# Titanium frame and road salt should I be concerned?



## Haystack Calhoun (Jan 18, 2004)

I am commuting to work on my titanium mountain bike. Should I be concerned about road salt damaging the frame?


----------



## mtbxplorer (Dec 25, 2009)

Nope. Some components will take a bit of a beating over time, but the frame will be fine. I ride a '98 Litespeed in VT and the frame is none the worse for the wear.


----------



## Vancbiker (May 25, 2005)

Titanium has very very good corrosion resistance. Your frame will suffer zero problems with any common de-icing salts.


----------



## Harold (Dec 23, 2003)

I would put a few caveats in there. Sure, by itself, Ti is pretty resistant to corrosion.

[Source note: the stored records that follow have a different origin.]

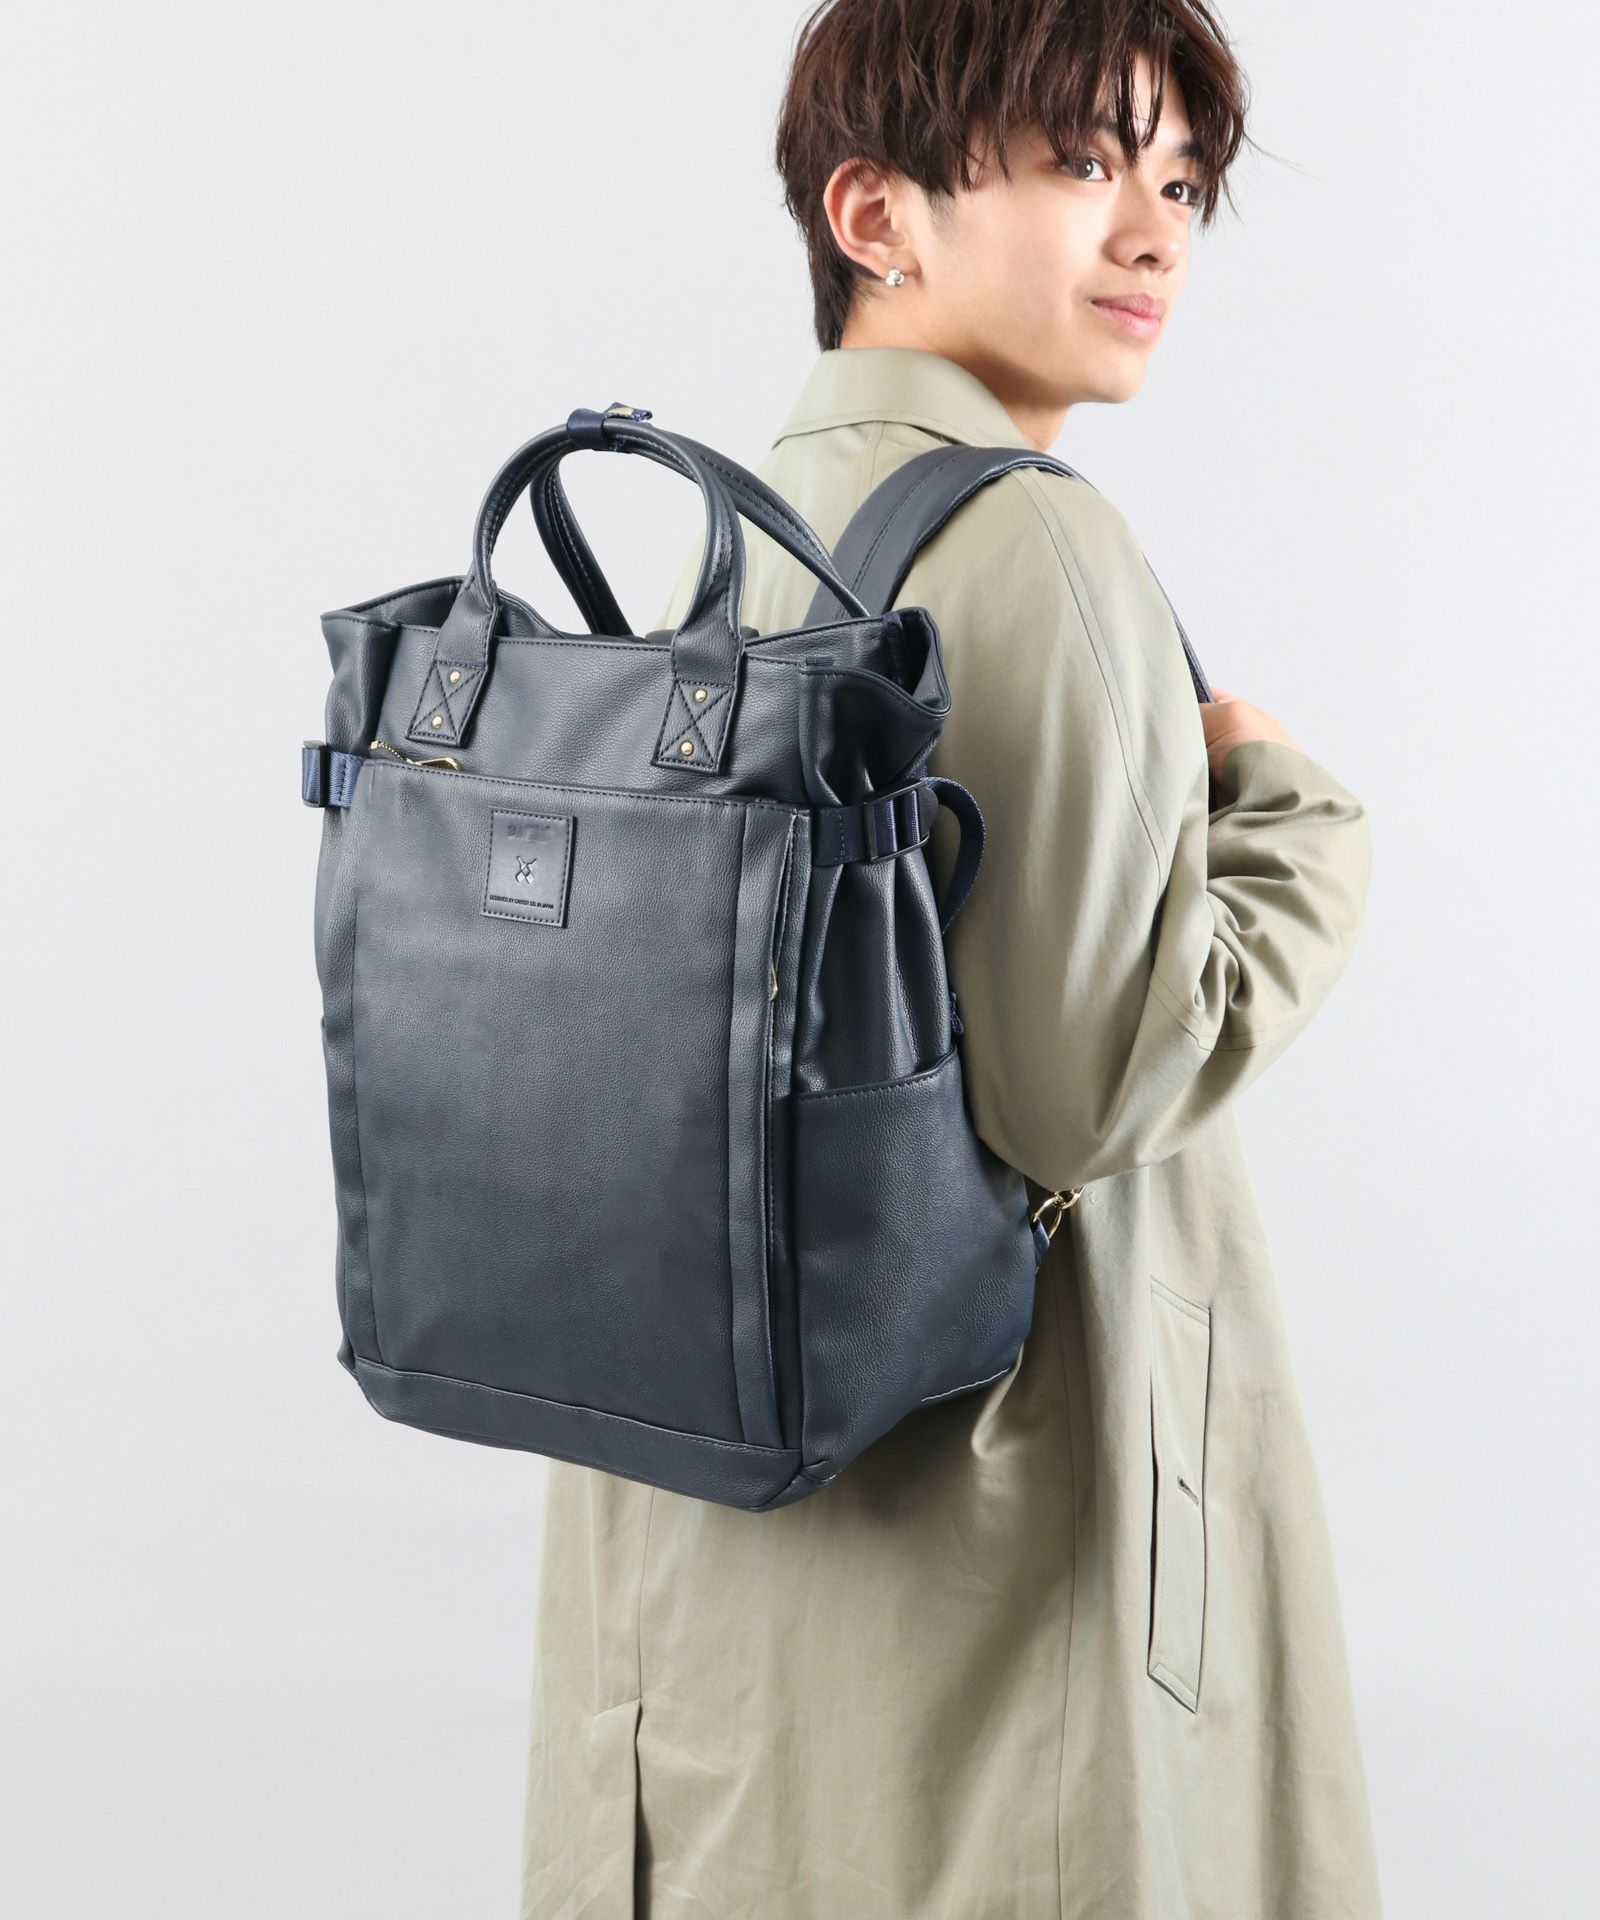 Japan Lotte Backpack PU Leatherwear business affairs computer Men's bag travel knapsack bags Bags handbags backpack
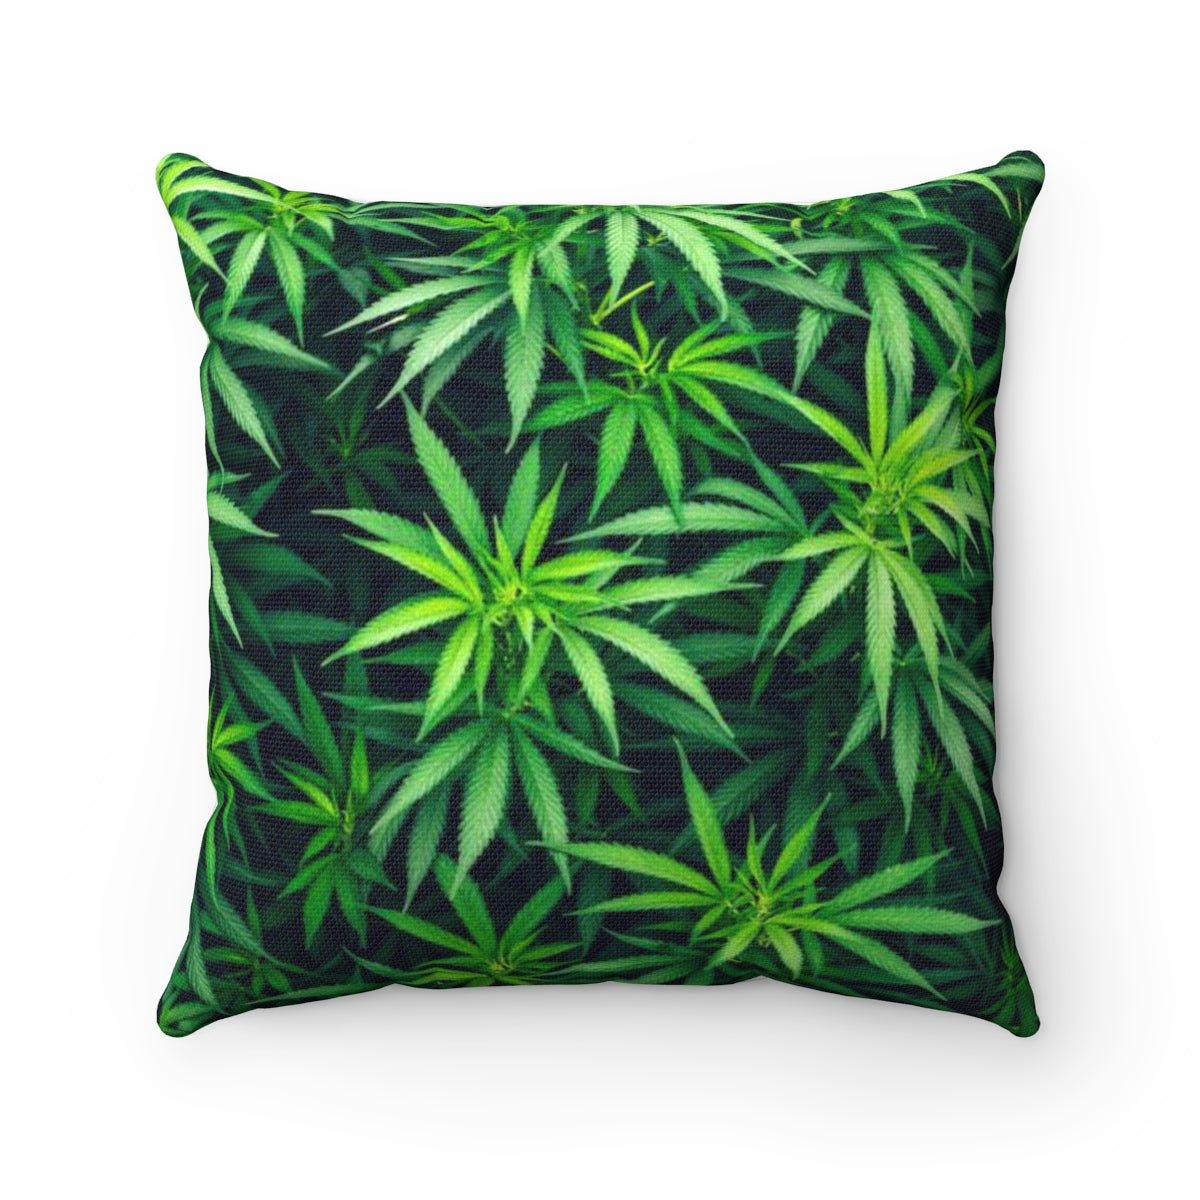 My Cannabis Spun Polyester Square Pillow
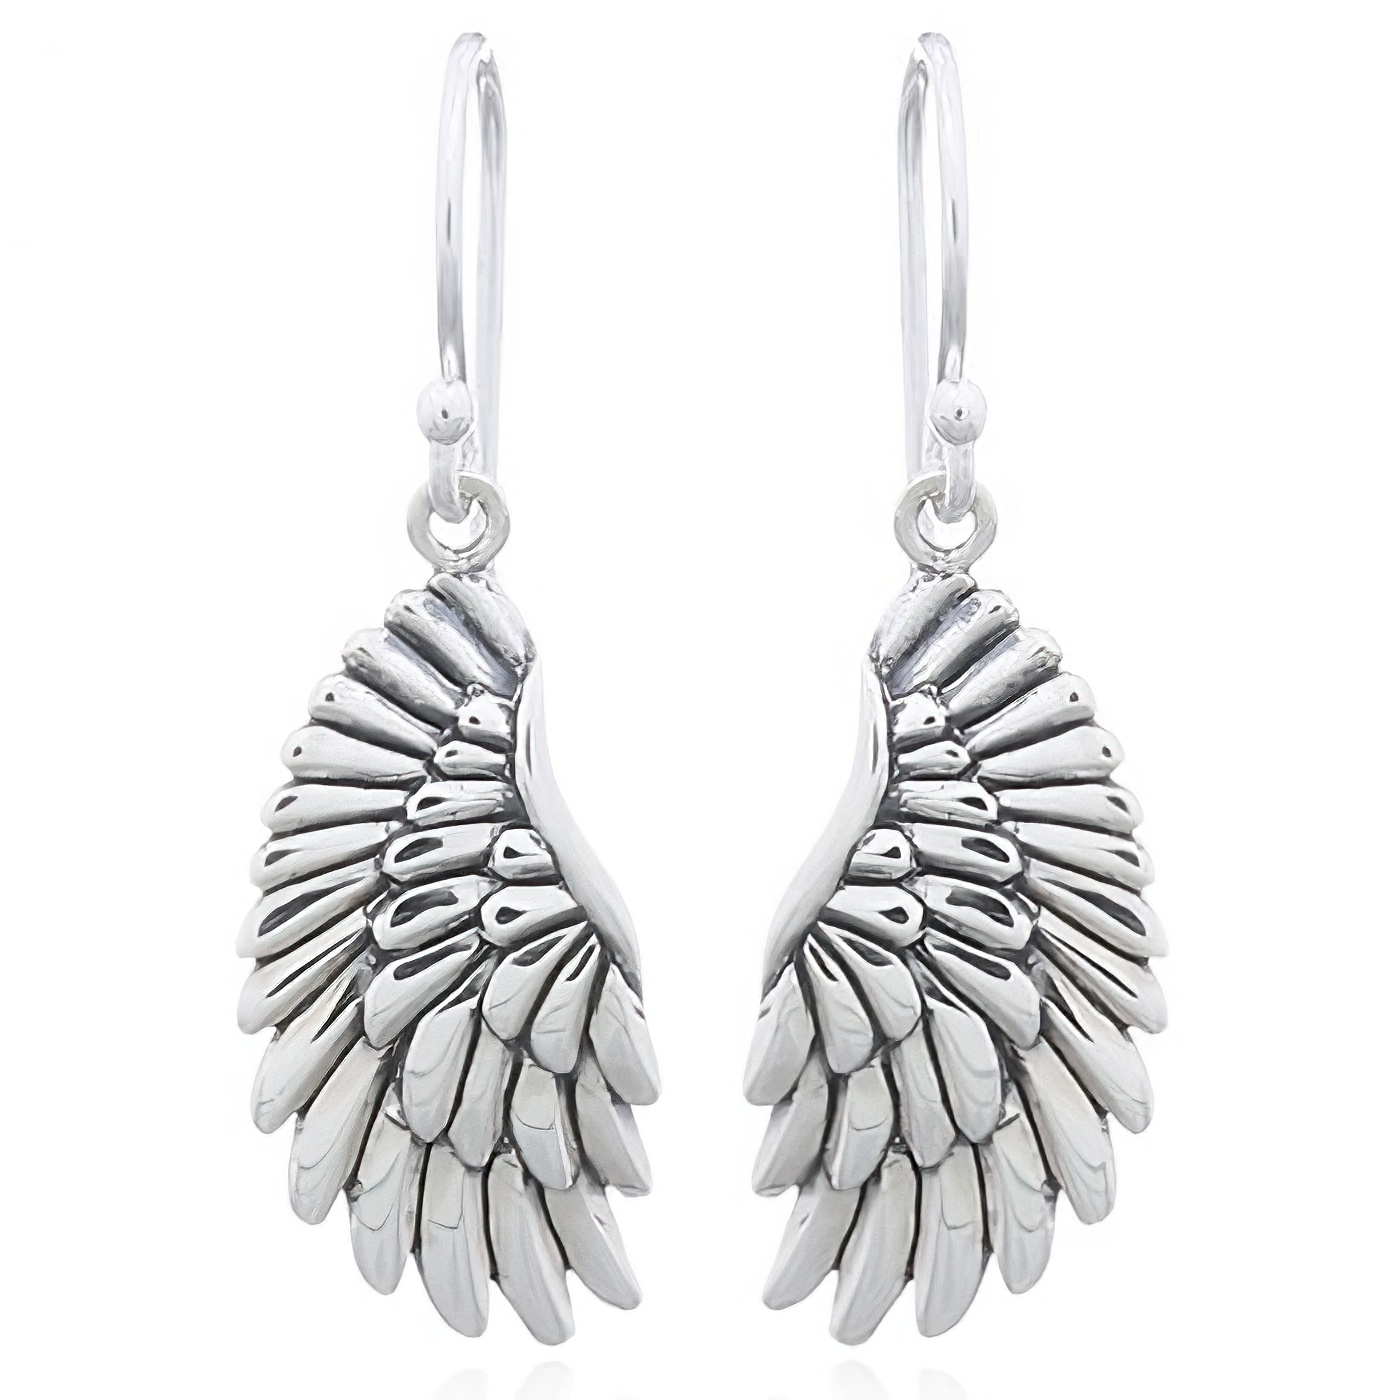 Wings Of Cupid In Sterling Silver Dangle Earrings by BeYindi 
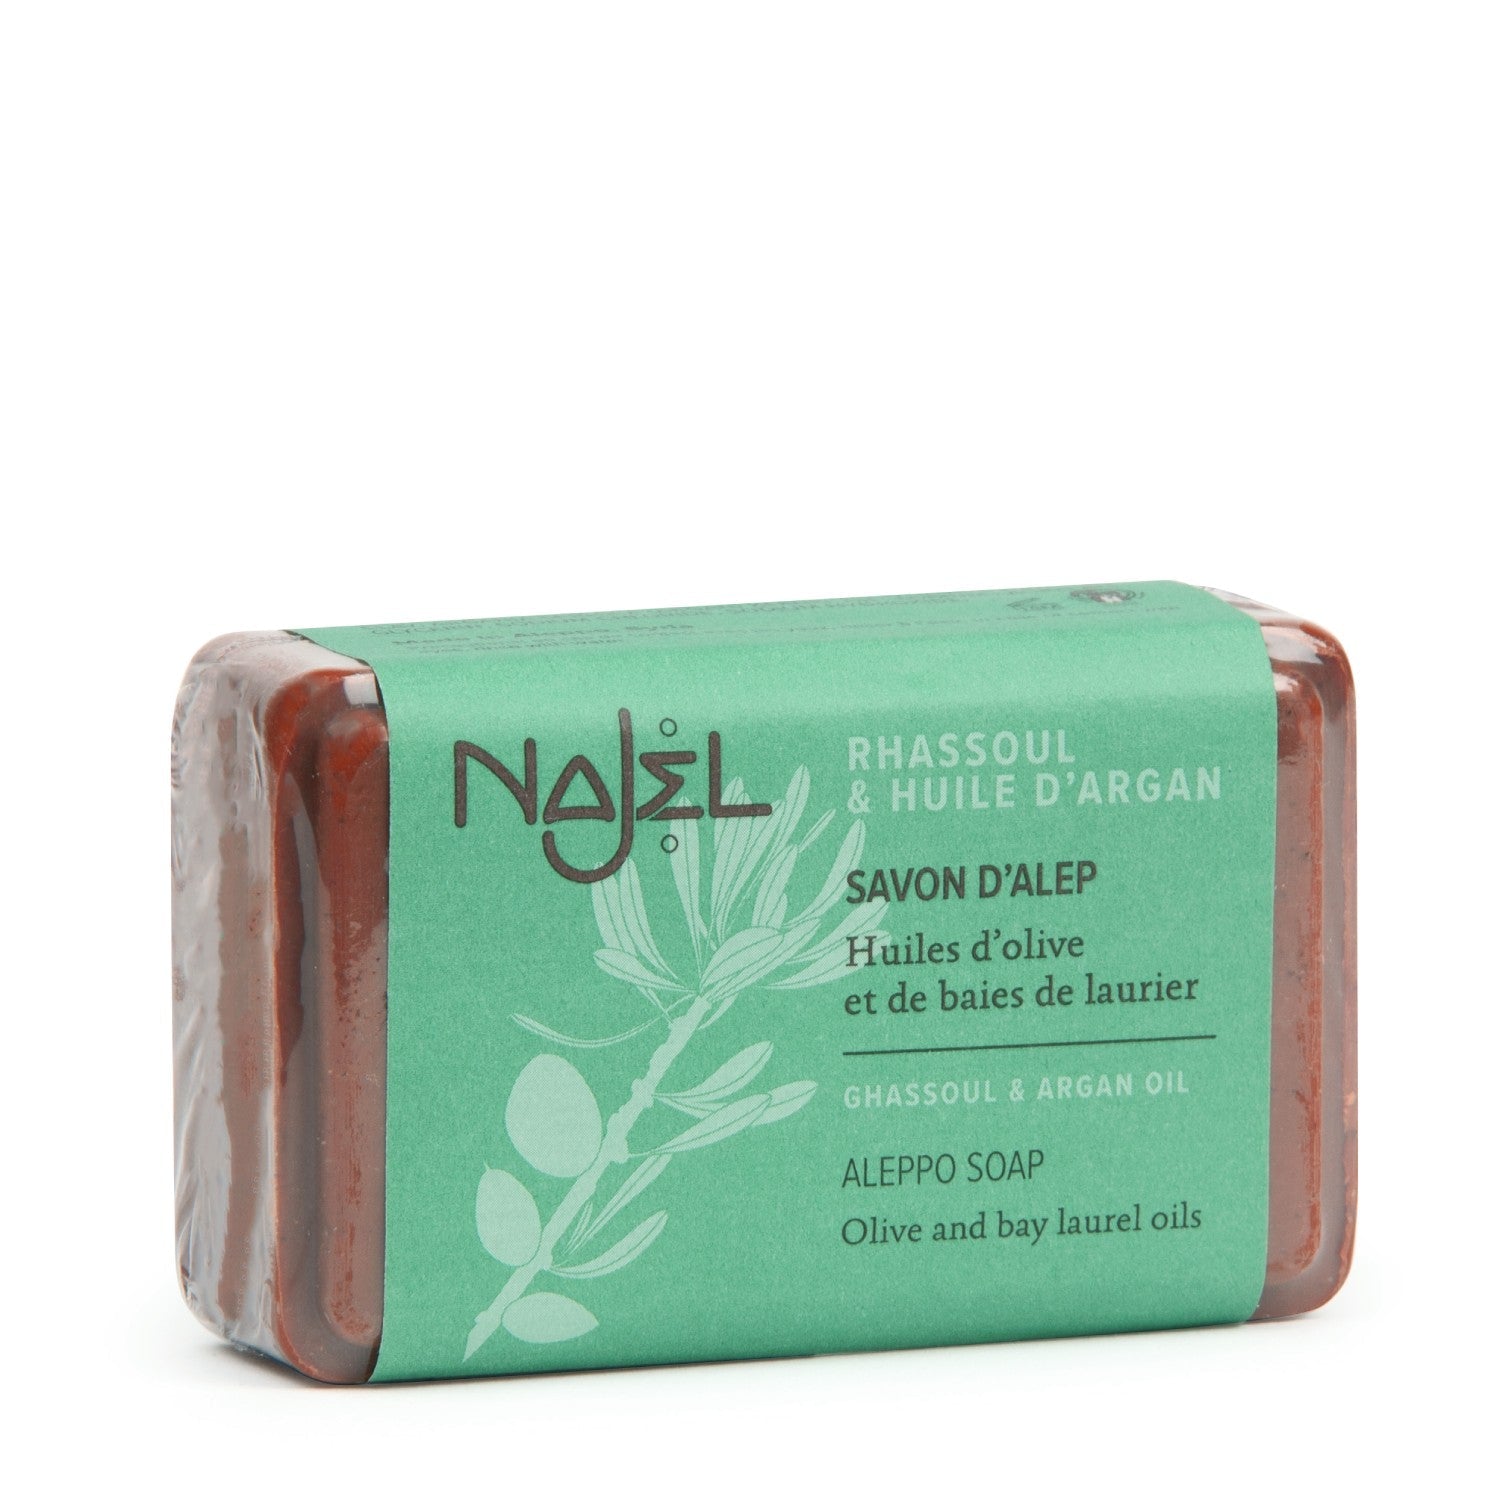 NAJEL Organic Skincare - Aleppo Soap Ghassoul &amp; Argan Oil, 100g, Organic, Vegan

Ti frames can STILL suffer from galvanic corrosion (dissimilar metals in the presence of an electrolyte). If any of the steel or alu bits on the bike (especially those in direct contact with the Ti frame) haven't had a good coating of anti-seize applied, then good maintenance should involve doing so if road salt is part of the equation (guess what, that stuff is a great electrolyte).

I'd be paying extra special attention to the bb, since that area is likely to get the most splash from the road, and the bb-frame interface is DEFINITELY one where you don't want galvanic corrosion happening. A seized bb can really ruin your day. But also make sure you get any bolts that thread into frame bosses. I grease all mine (steel frame).

Also pay attention to anything with a steel-alu difference (especially in the handlebar area, around shifter/brake lever clamps, underneath the grips, etc.)

This happens to road bike handlebars ALL THE TIME just from sweat. Road salt hiding in there can do the same thing.


----------



## Vancbiker (May 25, 2005)

Wouldn't the fact that most all aluminum bike parts are anodized greatly reduce or practically eliminate the potential for galvanic corrosion in contact with Ti?

Threads in Ti are notorious for galling regardless of corrosion. Some form of anti-seize compound should always be used on threaded Ti components. I wish I had a penny for every galled up Ti fastener I've seen machined out of aircraft components.


----------



## Harold (Dec 23, 2003)

Vancbiker said:


> Wouldn't the fact that most all aluminum bike parts are anodized greatly reduce or practically eliminate the potential for galvanic corrosion in contact with Ti?


All it takes is one little scratch or defect through the ano layer for the ano to provide no protection at all.

I've had galvanic corrosion pop up on ano alu parts with steel hardware. Use grease, anti-seize, or threadlocker (whichever is most appropriate for the application) wherever possible, and clean your stuff off.

Salty roads are some of the worst possible conditions you could ride your bike in, and I don't play around with it. If I bike commuted regularly on salty roads, I'd probably buy stock in these guys:

https://www.amazon.com/Salt-Away-Salt-Remover-Spray-Fl/dp/B003HFZ5PA


----------



## mtbxplorer (Dec 25, 2009)

Your car will rust out much quicker, and will be way more expensive to repair or replace. Try to clean the bike about once a week, and yes, you might need a new BB every couple years, but it is not a death sentence or even that expensive. I keep the seatpost greased a couple times a winter,the derailleurs sprayed with silicone, and the chain lubed when I clean the bike, and that is about it. A ti bike likely has higher quality components, and that helps as well.


----------



## Volsung (Nov 24, 2011)

One of my mechanic friends here in MN sold all his Ti bikes because he got tired of aluminum BBs corroding to the frames. If I were to get a Ti bike I would probably do a stainless steel BB, like a Phil Wood.


----------



## jeffscott (May 10, 2006)

Bare aluminium is pretty good with road salt, and no disimmilar metals.

But a crack in the paint will cause pitting pretty quick.


----------



## ghettocruiser (Jun 21, 2008)

In the past I've had issues with:

Brass spoke nipples (keep some oil on them)
Un-anodized AL parts, like brake post spacers (cheap to replace)
Fork innards (factory repack in the spring or go carbon rigid)
Brake pistons (un-stick every now and then)

Of course, other things needed replacement as well, but this seemed to be a function of the increased mileage from year-round use rather than winter corrosion issues.

I decided it was cheaper and easier to deal with these limited issues than to set up a separate winter beater, although many others prefer this option.


----------



## OlMarin (Oct 22, 2016)

Harold said:


> I would put a few caveats in there. Sure, by itself, Ti is pretty resistant to corrosion.
> 
> Ti frames can STILL suffer from galvanic corrosion (dissimilar metals in the presence of an electrolyte).


. Very much true. And carbon frames? They'll destroy almost any metal that comes in contact with it.
The use of grease on ALL threads is a plus. Anti seize compound is cheap and a better option.
BTW Harold, my quoter will only capture part of a long post.


----------